I have experienced the range of severe behaviors one might experience when having a family member with Borderline Personality Disorder traits, and I experienced many of the worst while pregnant with triplets.  Trying to stay alive in a world that doesn't make sense during the times when someone with Borderline Personality Disorder is having difficulties managing his or her behaviors can be a challenge, and there may be times that simply breathing seems to take more effort than you are able to expend.  So ensuring that you filter all of what you say can be a crazy unreasonable expectation for even the most compassionate of peaceful love-muffins.  I desire to be a person who thoughtfully responds rather than impulsively reacts, but the humanity in me allows me to have moments of ugly thoughts and accidental verbal vomiting. 

Do I sometimes feel so angry that I can't imagine ever feeling compassion for the evil monster my family members with personality disorder traits can become?  Yes.  Do I still love my them even after the unmentionable things I have experienced in the throes of personality disorder rages?  Yes.  And one of the reasons I can still find love in my heart and go on after a particular grueling episode is because I have looked within myself and decided that I am not an infallible victim of Borderline Personality Disorder.  What I am is a regular human-being with a full range of emotions who sometimes sits quietly hoping.  . . .and sometimes charges wildly with an occasional snort.
 


You cause me so much pain.   
I think I’m going insane.   
What does it take to make you see?   
You just keep on pushing my love over the borderline. 
                                                          ~ (still) Madonna - Borderline

3 comments:

  1. (Just popped over from Randi's blog...)

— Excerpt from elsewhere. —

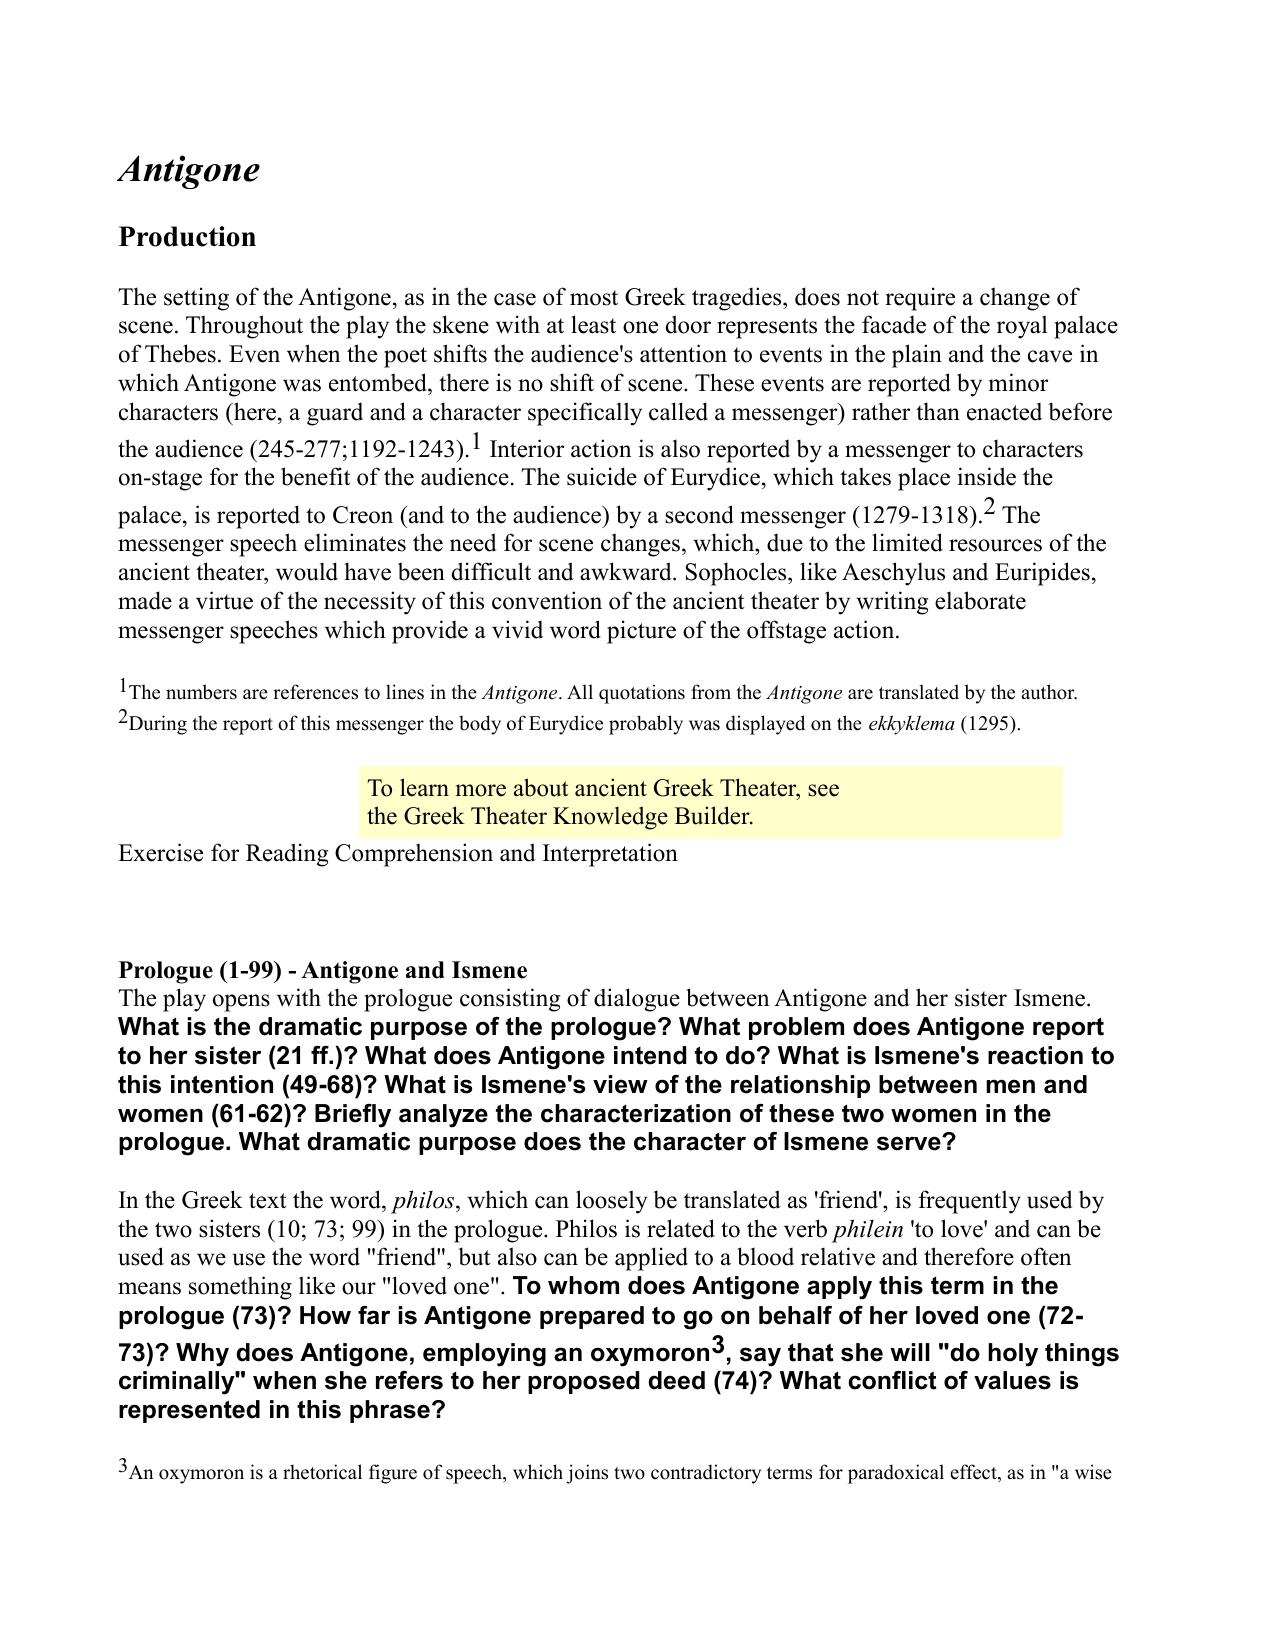 antigone character analysis essay

    This is such an insightful post. You're absolutely right -- a big part of my healing is being able to name the abuse from my mom as what it was: abuse.

    As a kid, I wasn't "allowed" to feel anything "bad." I was taught to not have any needs of my own. Self sacrifice to the extreme, so as not to be "selfish."

    I have had to work really hard to find "me" underneath it all...the me that deserves to take care of myself, even if it comes across as "uncompassionate" to people who haven't walked in my shoes.

    I have twin boys...and being well, taking care of myself so I can in turn take care of them, is my top priority now.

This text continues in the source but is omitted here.